Pretty much the same as above, except:

<video id="camFeed" autoplay> To display the webcam live feed.

<button id="camGo"> Toggle “extract text from current webcam frame”.
<textarea id="textOut"> Same. Output text here.

2B) THE JAVASCRIPT

2-cam-txt.js

window.addEventListener("load", async () => {
  // (A) INIT - GET VIDEO, BUTTON, TEXT AREA, CREATE TESSERACT WORKER
  var camFeed = document.getElementById("camFeed"),
      camGo = document.getElementById("camGo"),
      textOut = document.getElementById("textOut"),
      worker = await Tesseract.createWorker("eng");

  // (B) GET WEBCAM ACCESS
  navigator.mediaDevices.getUserMedia({ video: true })
  .then(async (stream) => {
    // (B1) PUT WEBCAM LIVE STREAM INTO <VIDEO>
    camFeed.srcObject = stream;

    // (B2) "READ TEXT" BUTTON ACTION
    camGo.onclick = async () => {
      // (B2-1) CREATE AN EMPTY <CANVAS>
      let canvas = document.createElement("canvas");
      canvas.width = camFeed.videoWidth;
      canvas.height = camFeed.videoHeight;

      // (B2-2) CAPTURE CURRENT WEBCAM FRAME ONTO <CANVAS>
      canvas.getContext("2d").drawImage(
        camFeed, 0, 0, camFeed.videoWidth, camFeed.videoHeight
      );

      // (B2-3) PASS THE CURRENT WEBCAM FRAME TO TESSERACT
      let img = canvas.toDataURL("image/png"), // current webcam frame to png image
          res = await worker.recognize(img); // use tesseract to extract text

      // (B2-4) OUTPUT TEXT
      textOut.value = res.data.text; // put text into text area
      navigator.clipboard.writeText(res.data.text); // optional - put into clipboard
    };
  })
  .catch(err => console.error(err));
});

Keep calm and let’s walk through this part-by-part:

(A) The usual – Get HTML video, button, text box. Create an English Tesseract worker.

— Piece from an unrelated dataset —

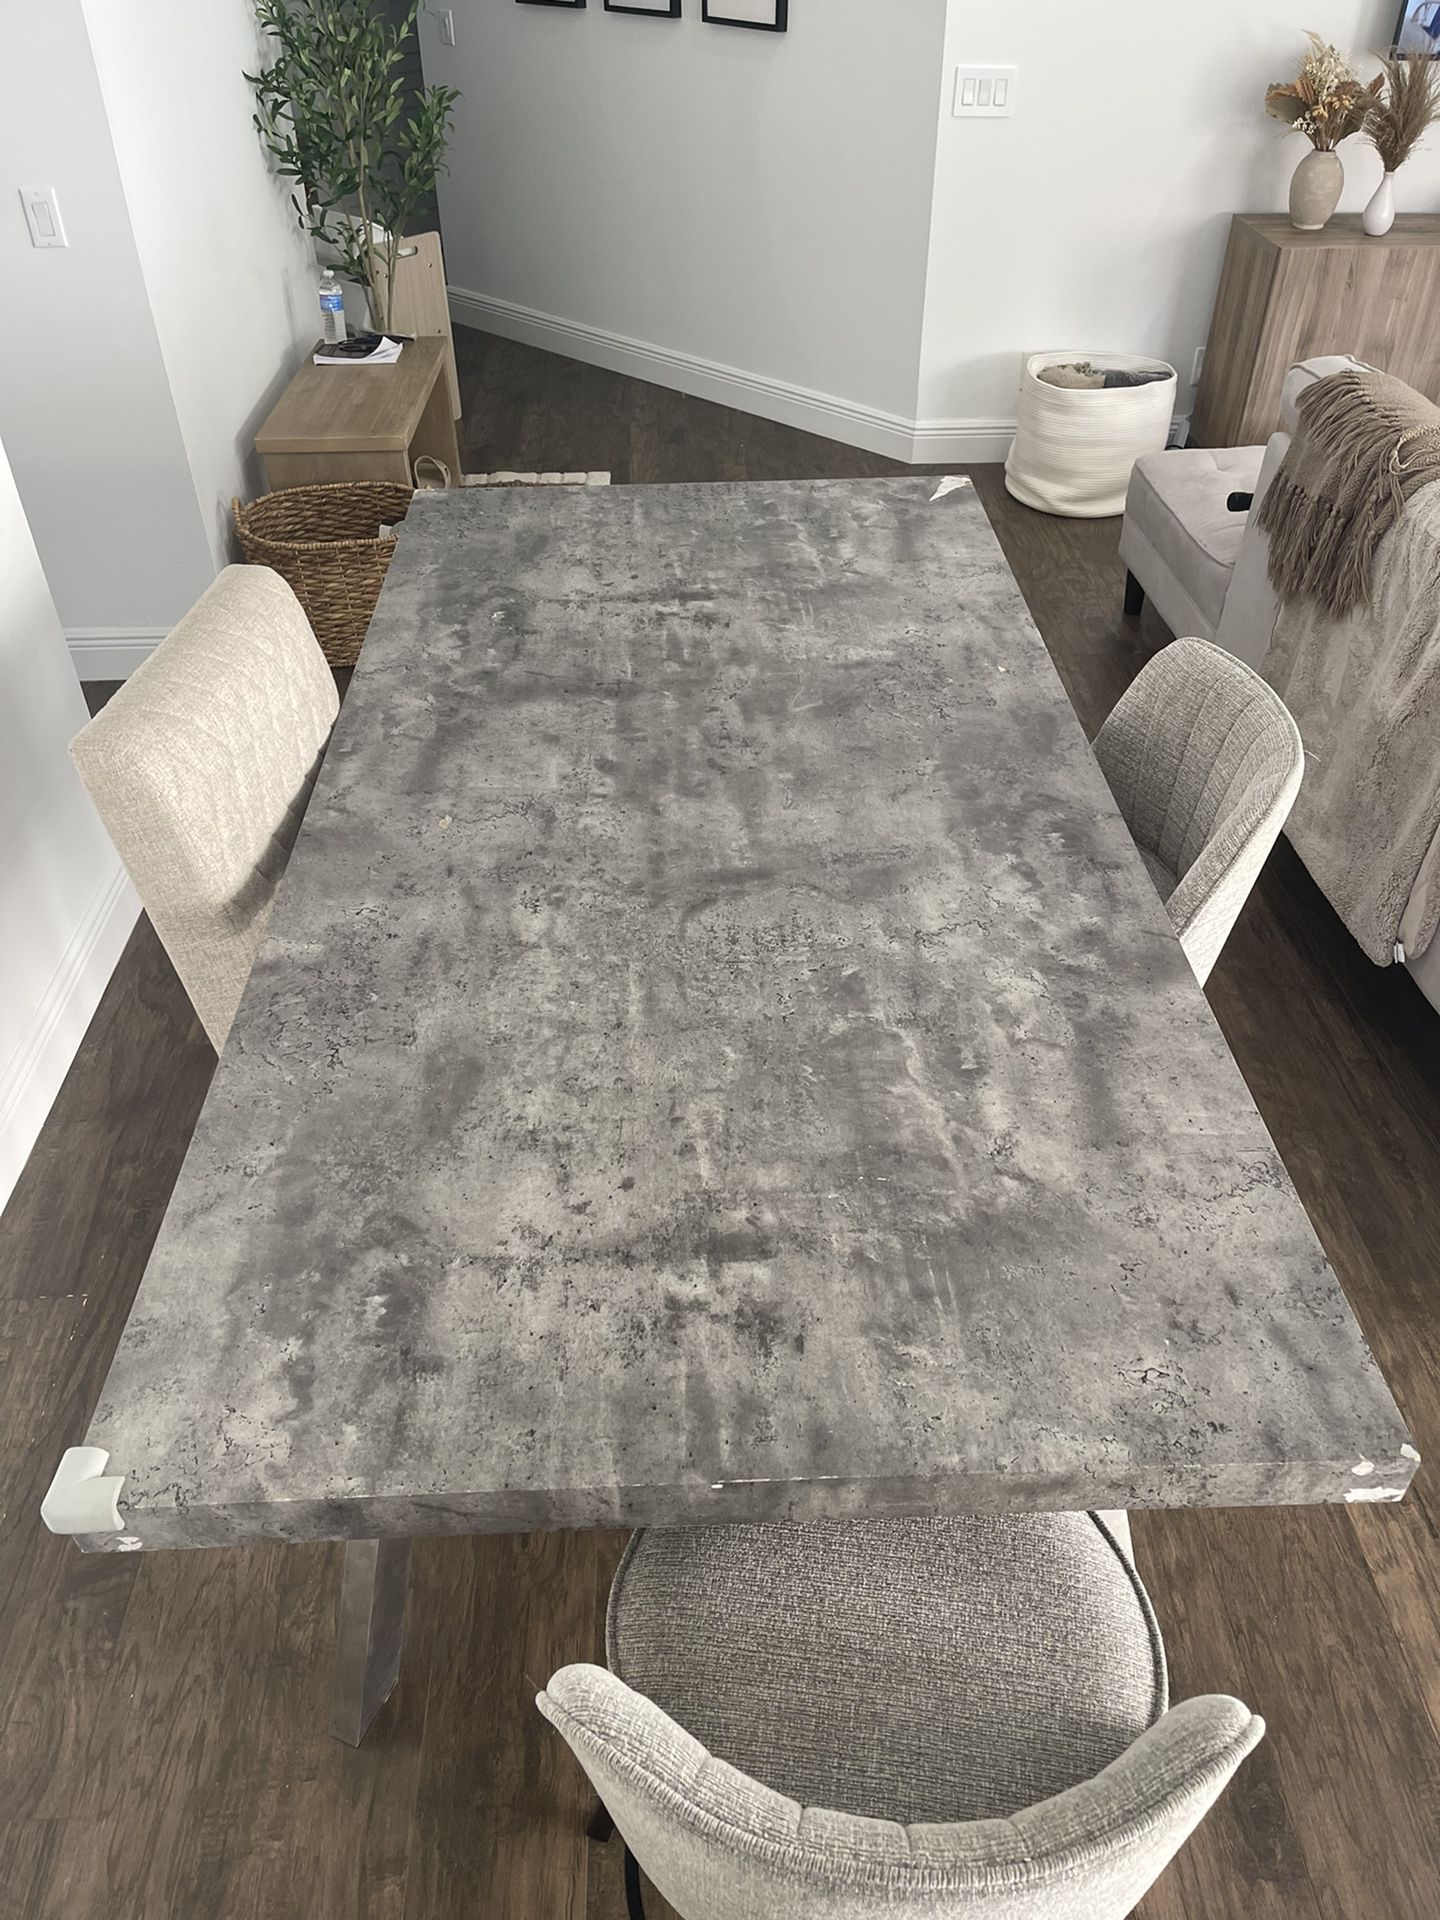   Dining Table 39” width x 79” length x 30 1/2” height

(B) Get access permission to the webcam.
(B1) On obtaining permission, we patch the webcam livefeed into the <video> tag.
(B2) When the user clicks on the “Read Text” button. We cannot directly send the webcam feed into Tesseract, thus the entire section of confusion.
- (B2-1) Create an empty <canvas> first.
- (B2-2) Capture the current webcam frame onto the <canvas>.
- (B2-3) Convert the <canvas> into a PNG image, send it to Tesseract.
- (B2-4) Output the extracted text.

THE END

That’s all for this tutorial, but before we end – Take note of the limitations. OCR is not an “hardcore AI”. It cannot read complicated images and automatically filter out the “irrelavant bits”. You will have to feed a “clean text image” to Tesseract if you want good results.